Is there wiggle room for them not removing the default even though by their own processes the default is invalid as i was not served notice?

Comments

  • In short: yes, there can be wiggle room if the lender argues the default was valid once the breathing space ended — but their position is weak if they can’t evidence proper service of a default notice.
    The key points are:
    A default must be served, not just generated
    Admitting it likely wasn’t sent undermines their position
    Internal “breathing space” doesn’t override consumer credit and data accuracy obligations
    If they don’t remove it, this is exactly the kind of case FOS tends to side with the consumer on, particularly where the balance was later cleared and the lender accepts procedural error.
  • Default notices do not need to be served in order to mark a debt as defaulted with a CRA. A default notice is only required in order to take legal action against debts regulated by the CCA. That's all.
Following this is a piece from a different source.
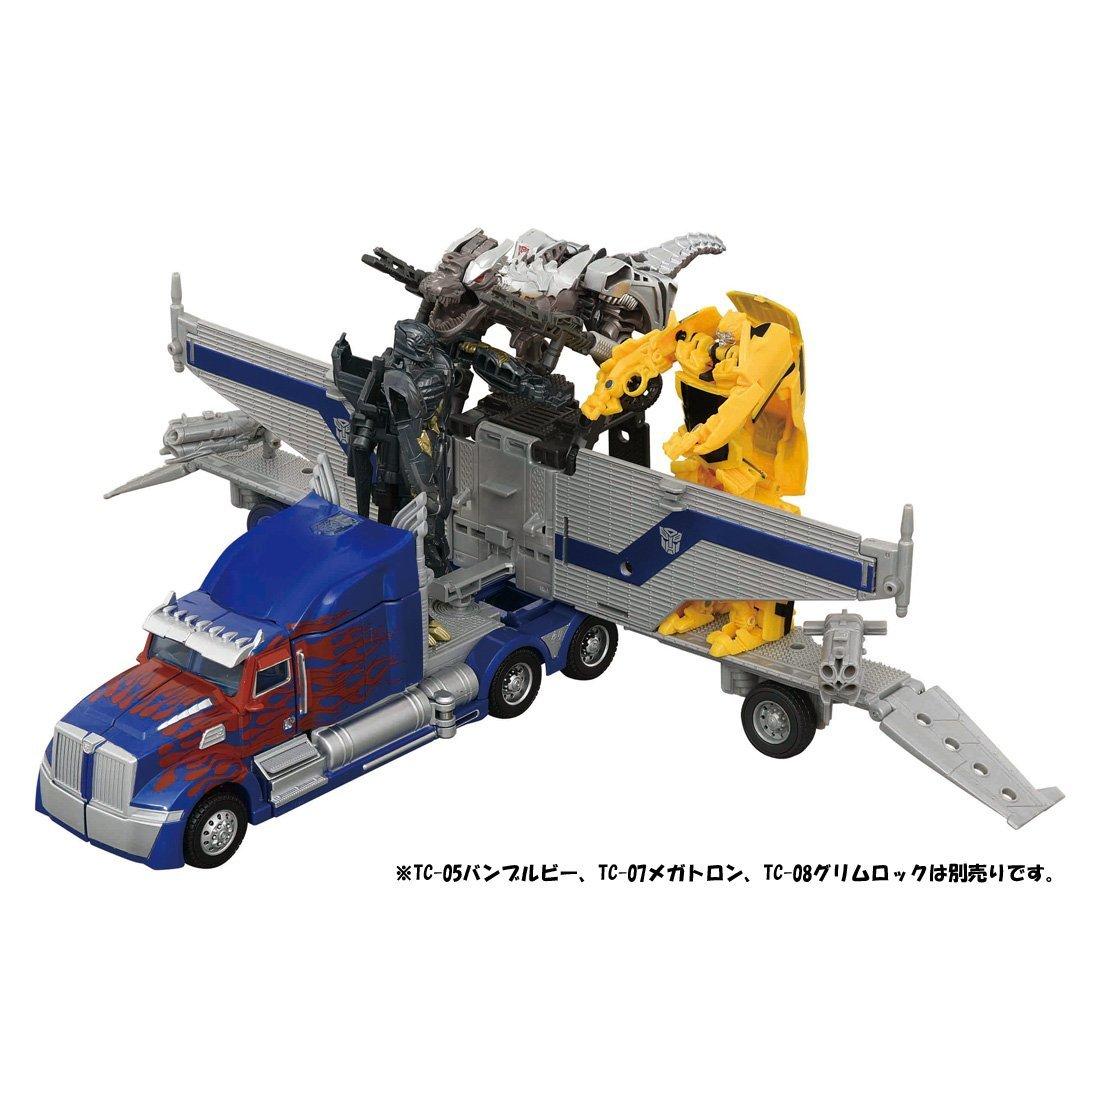 Transformers Turbo Change TC-01 OPTIMUS PRIME TC-02 BUMBLEBEE TC-03 MEGATRON TOP

  • Fair point on CCA requirements — I should have been clearer.

    My point was less about CCA enforcement and more about fair and accurate reporting to CRAs. Where a lender accepts a procedural error (and can’t evidence notice), FOS often looks at whether default reporting itself was fair in the circumstances, particularly where the balance was cleared shortly after.

    Ultimately it tends to turn on fairness rather than strict enforceability.

  • OK, and I generally agree that something does seem off here.

    What's the point of "breathing space" if they're just going to default you anyway? Might as well save yourself the time on the phone and just see what happens. And if it requires the company being approached by a debt charity or the like then they should have just refused the OPs request.

  • I think we’re broadly saying the same thing from different angles.

    You’re right that a default marker isn’t the same as enforcement under the CCA, and I didn’t mean to suggest otherwise. My point was simply that where a lender accepts they made a procedural error and the balance was cleared shortly after, FOS tends to look at whether reporting a default was fair in the circumstances, not just whether it was technically permitted.

    That’s why these cases often end up resolved on fairness rather than strict rules. Ultimately it’s for the lender or FOS to decide, but it’s not unusual for defaults to be removed in situations like this.